▶ _Prompt_
Starting at the line that contains "A photo of a", copy every line to the end of the material below exactly, and omit the pictures.

▶ _Dataset content_
● ● ● ● ● ● ●

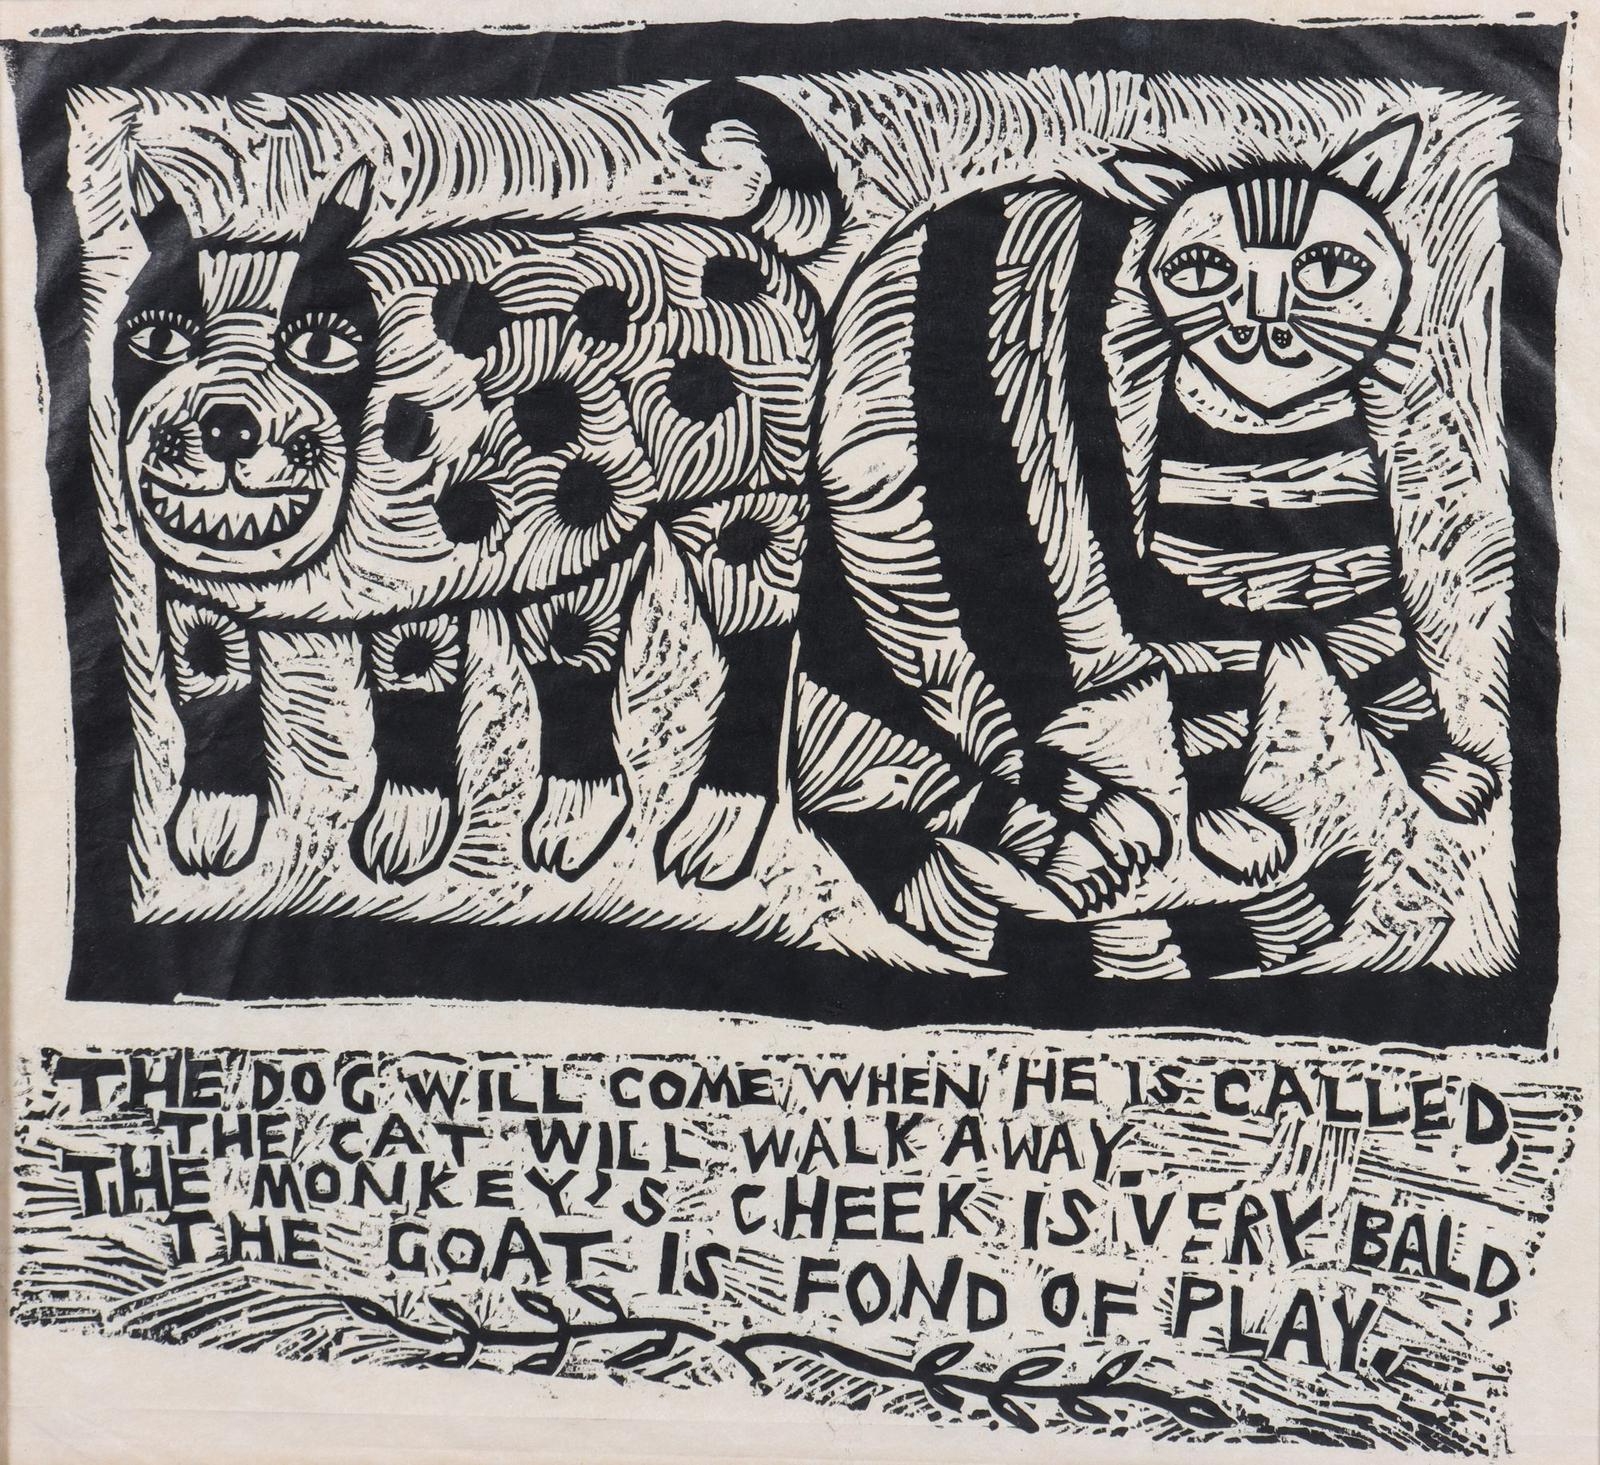 Artwork by Barbara Hanrahan, The Dog Will Come When He is Called, Made of Linocut (Early)
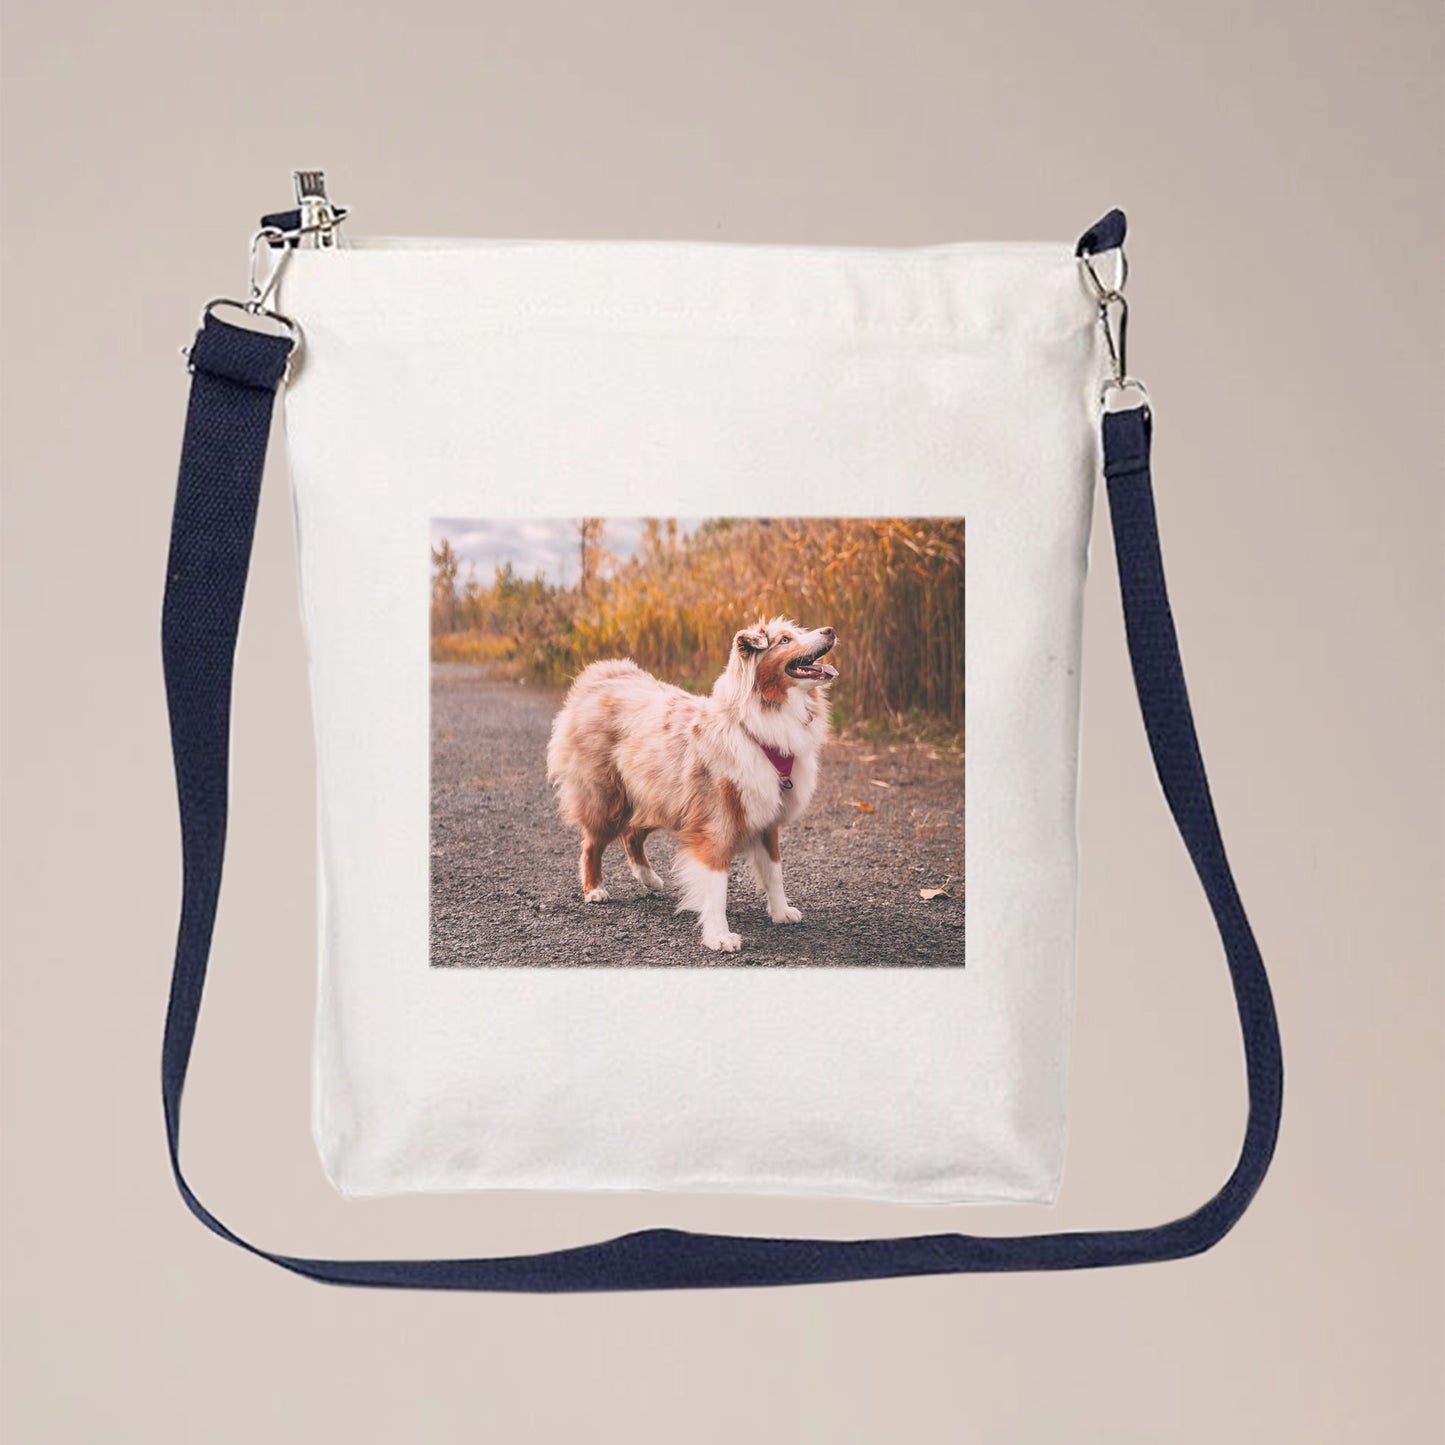 A photo of a dog is printed on a white crossbody bag with a long, blue, adjustable strap. People can personalize this crossbody bag with their own photos, pet photos, initials, logos, text, etc.
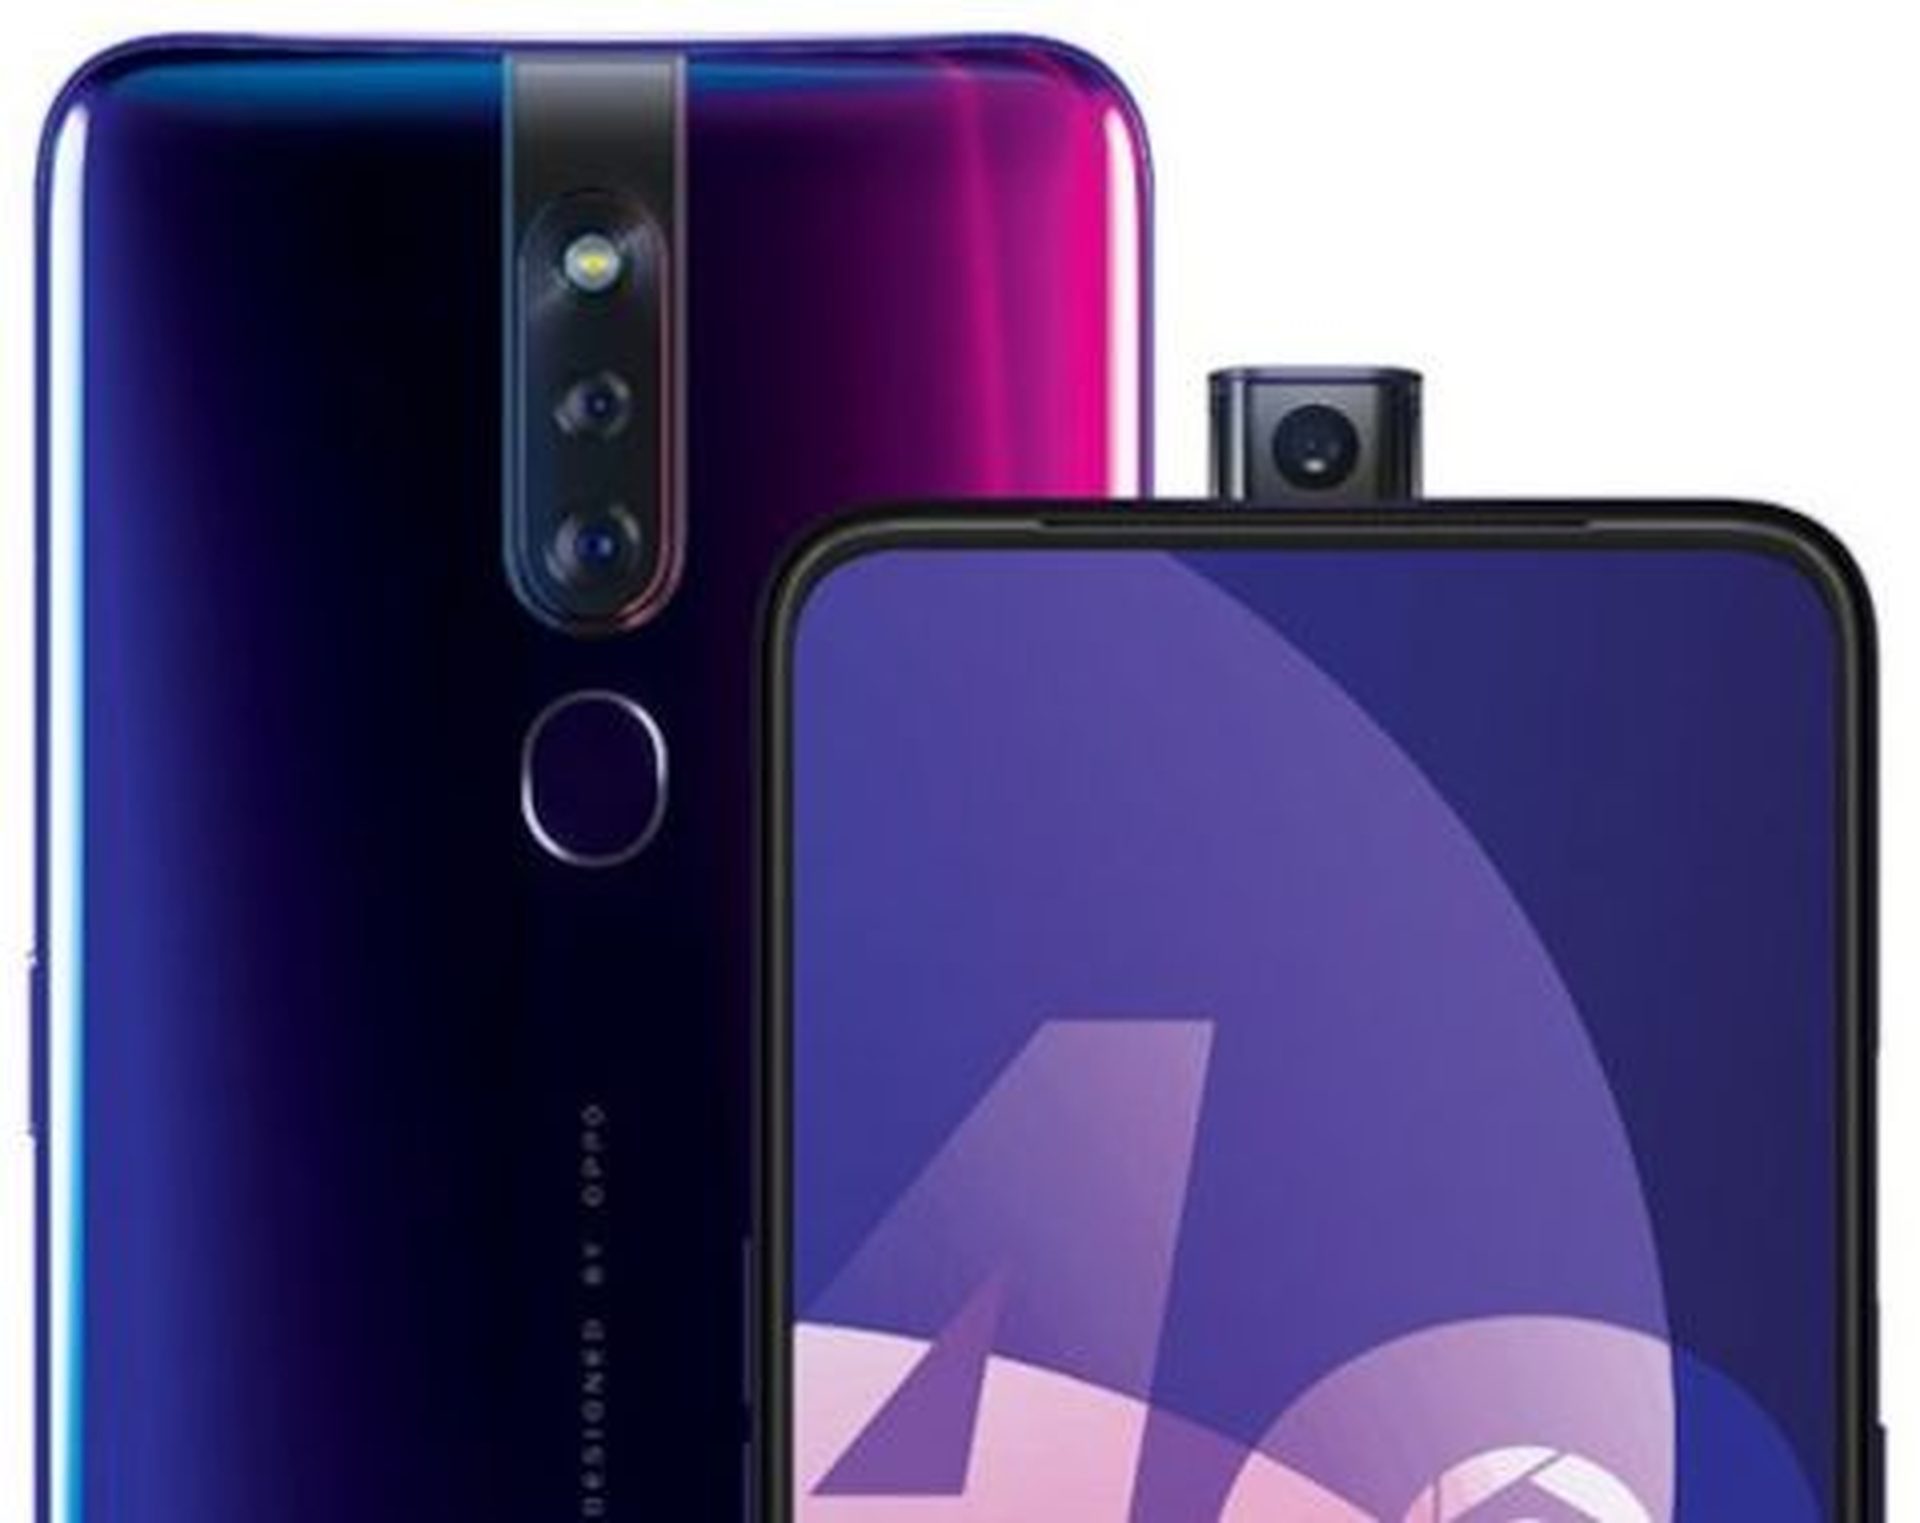 OPPO F11 PRO front camera not working: How to fix it?

● ● ● ● ● ● ●

▶ _Written solution_
 A photo of a dog is printed on a white crossbody bag with a long, blue, adjustable strap. People can personalize this crossbody bag with their own photos, pet photos, initials, logos, text, etc.
 OPPO F11 PRO front camera not working: How to fix it?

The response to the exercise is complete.